Panoul public de clarificare

  • TotallyLost
    Titularul concursului
    • acum 11 luni

    "Do or do not. There is no try" said Yoda's character ... the foundation for success in all walks of life.

    67 entries, none have posted the REQUIRED open source github link as their contest graphic, with at least basic required functionality, which was required as a minimum for entry.

    I'm really disappointed that $840 is not enough for someone to port and optimize the existing FPGA mining software for the XC7Z010, 10M08, and GW1NR-9 devices. A task that should be achievable in less than a week's work, or a couple days for a skilled college student with reconfigurable computing skills.
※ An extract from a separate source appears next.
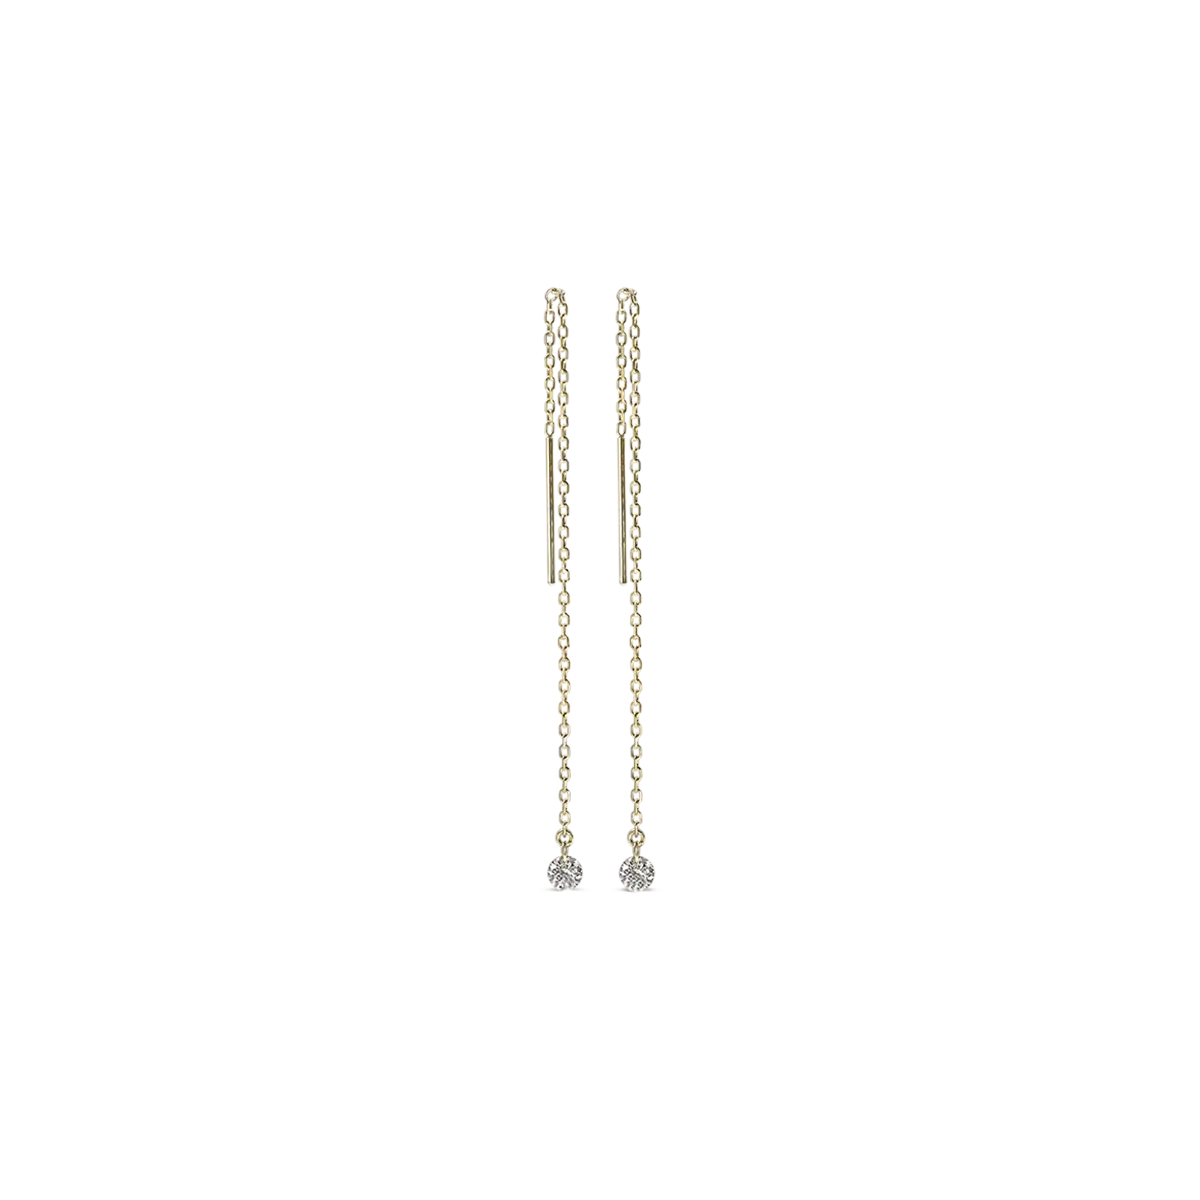 14k yellow gold with a single diamond at the bottom.   Pinhole Threaders  Dimensions: 3 1/8&quot; long  Designed by ILA Collection

    Yet one person offered to hire someone to do the work, if I awarded them the contest. My reply: You are welcome to submit your open source github solution to the contest, and will be awarded the prize if it's the best.

    Suggestions?

    • acum 11 luni
    1. TotallyLost
      Titularul concursului
      • acum 11 luni

      Dear John Lawrence B,

      I hope this message finds you well. I am writing to offer you a solution for your contest. I would like to propose an alternative approach.

      I am confident that I can help you achieve your goals. If you award me the prize money for the contest, I will take it upon myself to find a qualified professional who can fulfill your requirements. I will handle the project management and ensure that your needs are met without you incurring any additional costs. I will also take care of publishing the project according to my own strategy, which I believe will yield the desired results.

      As a gesture of my commitment, I am willing to take on the responsibility of finding the right freelancer and overseeing the project at no cost to you. I am confident in my ability to deliver the outcome you are seeking.

      Please consider my proposal, and I am happy to discuss any further details or answer any questions you may have. Thank you for your consideration.

      Sincerely,

      • acum 11 luni
  • TotallyLost
    Titularul concursului
    • acum 1 an

    Step 1: Start by cloning https://github.com/fpgaminer/Open-Source-FPGA-Bitcoin-Miner and building the three FPGA target devices, using an updated gateway and mining proxy. Completed github with sources, prebuilt RPI/fpga images, 3 board wiring diagram, with required testing report in github ReadMe page. Post this github link as your contest entry graphic. Entries without this minimum will be rejected (3-20hrs)

    Step 2: Incorporate the round folding found in nalex87/Verilog-SHA256-1/blob/master/main.v (2-8hrs)

    Step 3: Use floor planner on all three devices to optimize for best case hash rate, at the lowest power. (10+hrs)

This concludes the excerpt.